AV processing module 218 may also detect disconnection conditions based on audio streams received from client devices. In certain examples, disconnection conditions detected based on received audio streams (and/or audio portions of received AV streams) may be referred to herein as auditory disconnection conditions. AV processing module 218 may detect auditory disconnection conditions using one or both of speech recognition module 224 and voice recognition module 226. In some examples, speech recognition module 224 may determine that a received audio stream includes insufficient audio data. In certain examples, speech recognition module 224 may detect insufficient audio data based on one or both of silence and the presence of non-voice audio data in the received audio stream.

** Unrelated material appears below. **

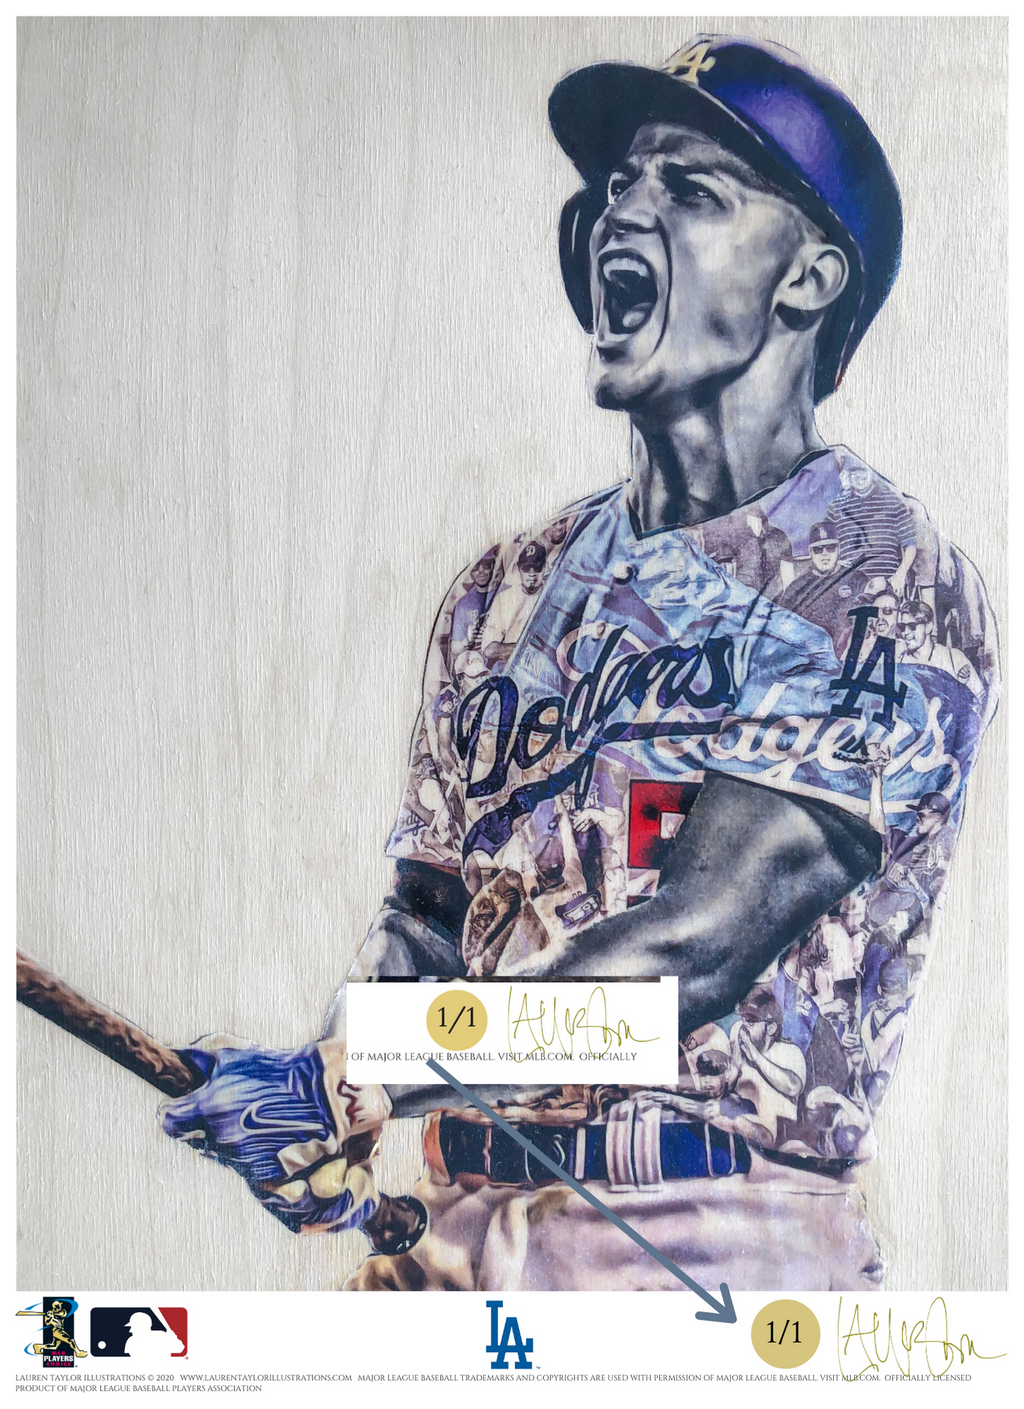 "C-Seag" (Corey Seager) Los Angeles Dodgers - Officially Licensed MLB Print - GOLD SIGNATURE LIMITED RELEASE /1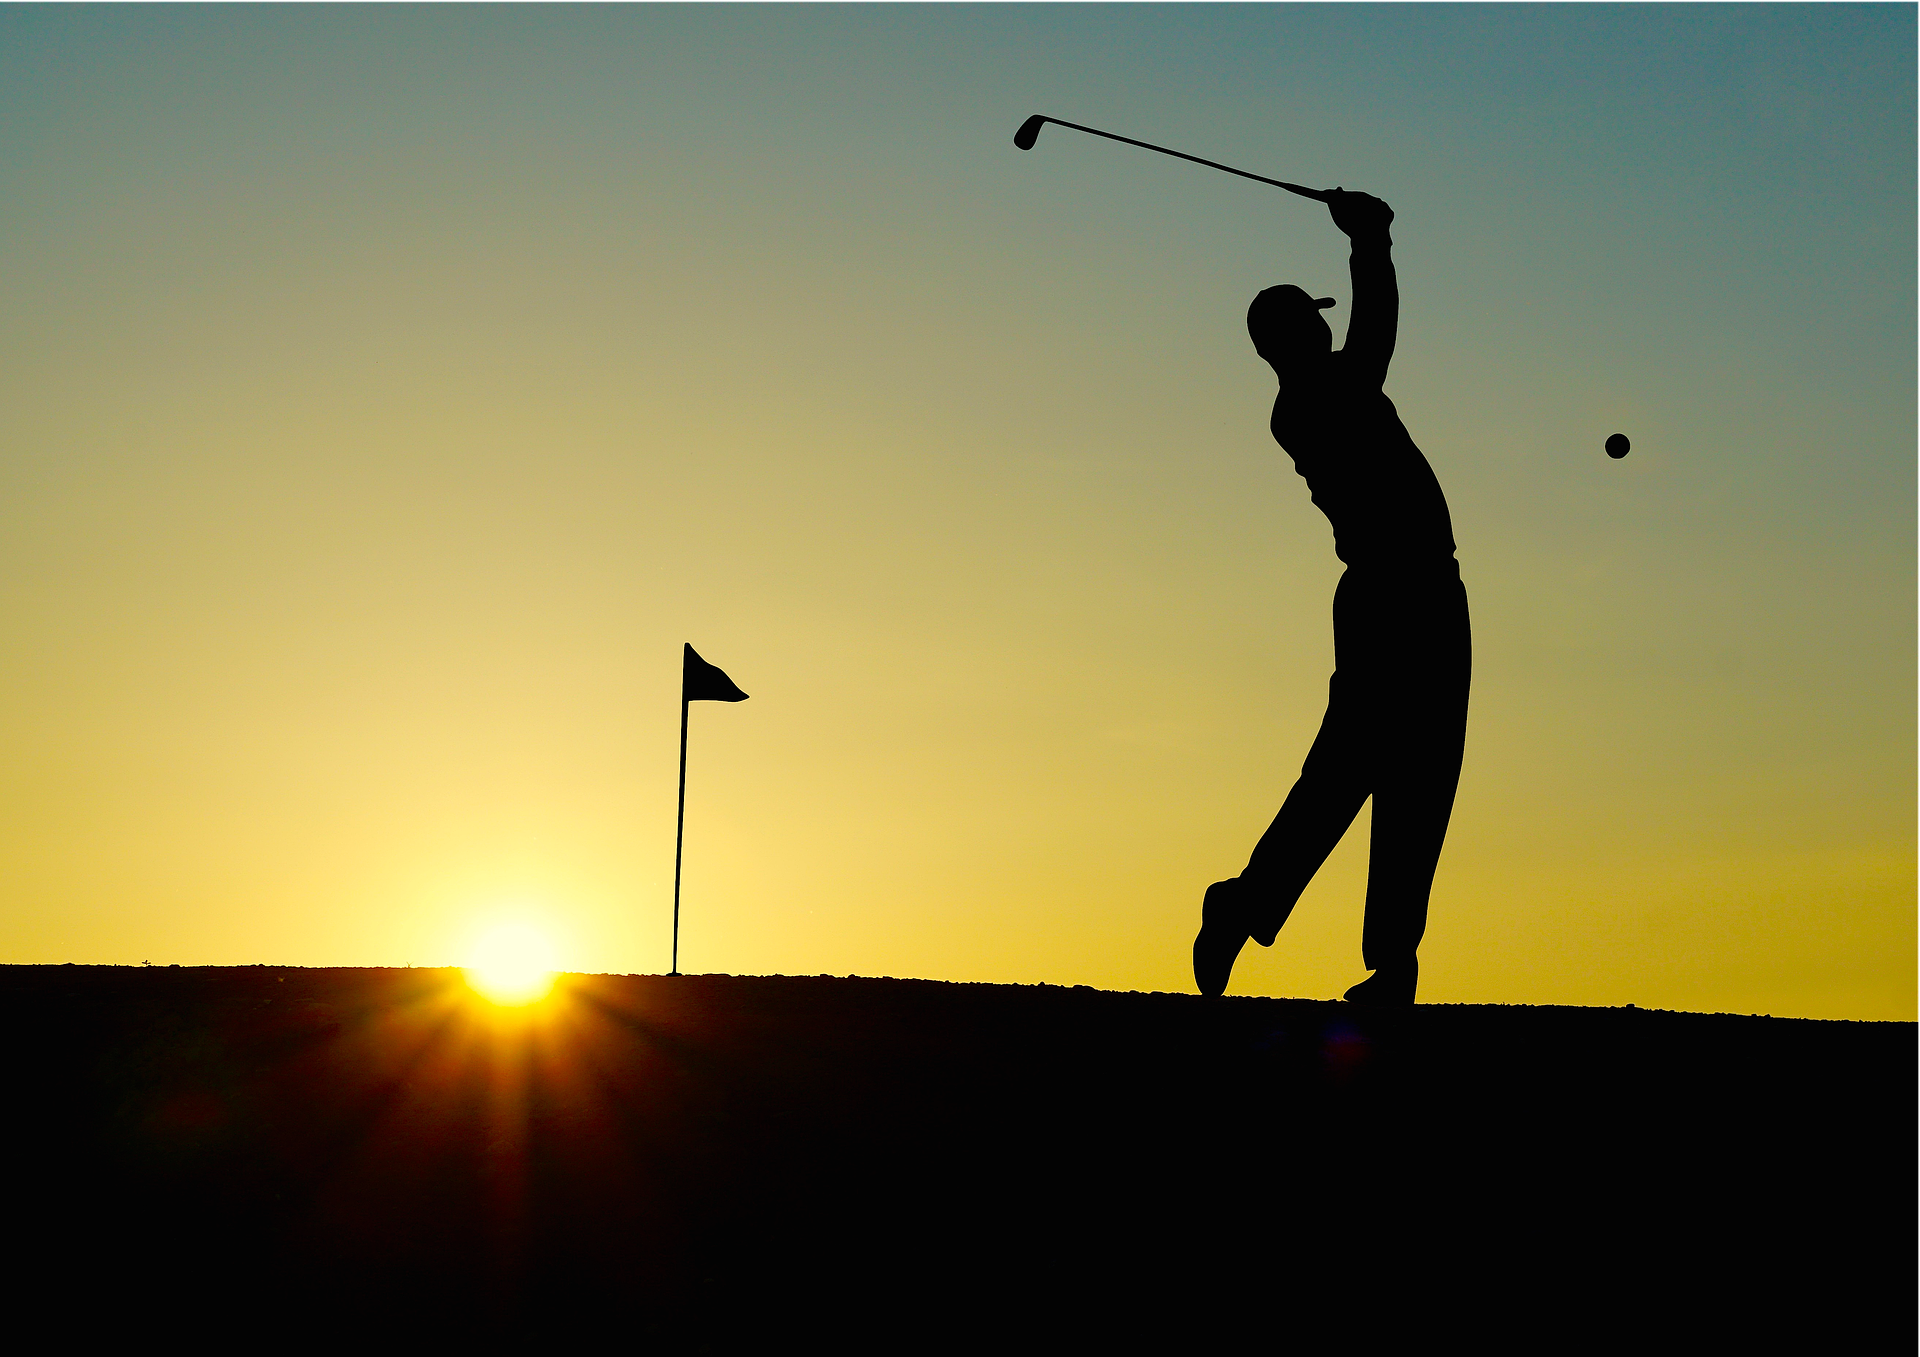 How to Get Better at Golf Without Lessons

More specifically, speech recognition module 224 may detect silence based on a determination that host device 200 has not received audio data from a client device (e.g., as a dedicated audio stream, as an audio stream in conjunction with a sequence of frames of a video stream, and others). Additionally, speech recognition module 224 may detect non-voice audio data (e.g., in the form of sounds that are inconsistent with a human voice) in a received audio stream. In examples where speech recognition module 224 detects non-voice audio data in an audio stream, speech recognition module 224 may use various criteria to determine whether the non-voice audio data indicates an auditory disconnection condition. As one example, speech recognition module 224 may detect the auditory disconnection condition if a received audio stream includes a predetermined ratio/proportion of the duration of non-voice audio data as compared to voice audio data. As another example, speech recognition module 224 may detect the auditory disconnection condition based on a comparison of the volume (or amplitude) of the non-voice audio data to the volume of the voice audio data.

In these and other implementations, AV processing module 218 may use voice recognition module 226 to detect auditory disconnection conditions. For example, voice recognition module 226 may identify a representation of a voice in a received audio stream (e.g., at an initial early stage of the audio stream). Voice recognition module 226 may additionally determine whether the received audio stream includes audio data of at least a threshold length (e.g., duration) that matches the identified voice. If voice recognition module 226 determines that the audio stream does not include audio data of at least the threshold length matching the identified voice, voice recognition module 226 may detect an auditory disconnection condition (e.g., indicating that a main user of the sending client device has become inactive in the real-time communication session). In some such examples, voice recognition module 226 may apply various criteria to detect the auditory disconnection condition, such as requiring the audio data matching the identified voice to be contiguous (e.g., to show that the main user's participation is adequately substantial and/or continuous), among other criteria as well.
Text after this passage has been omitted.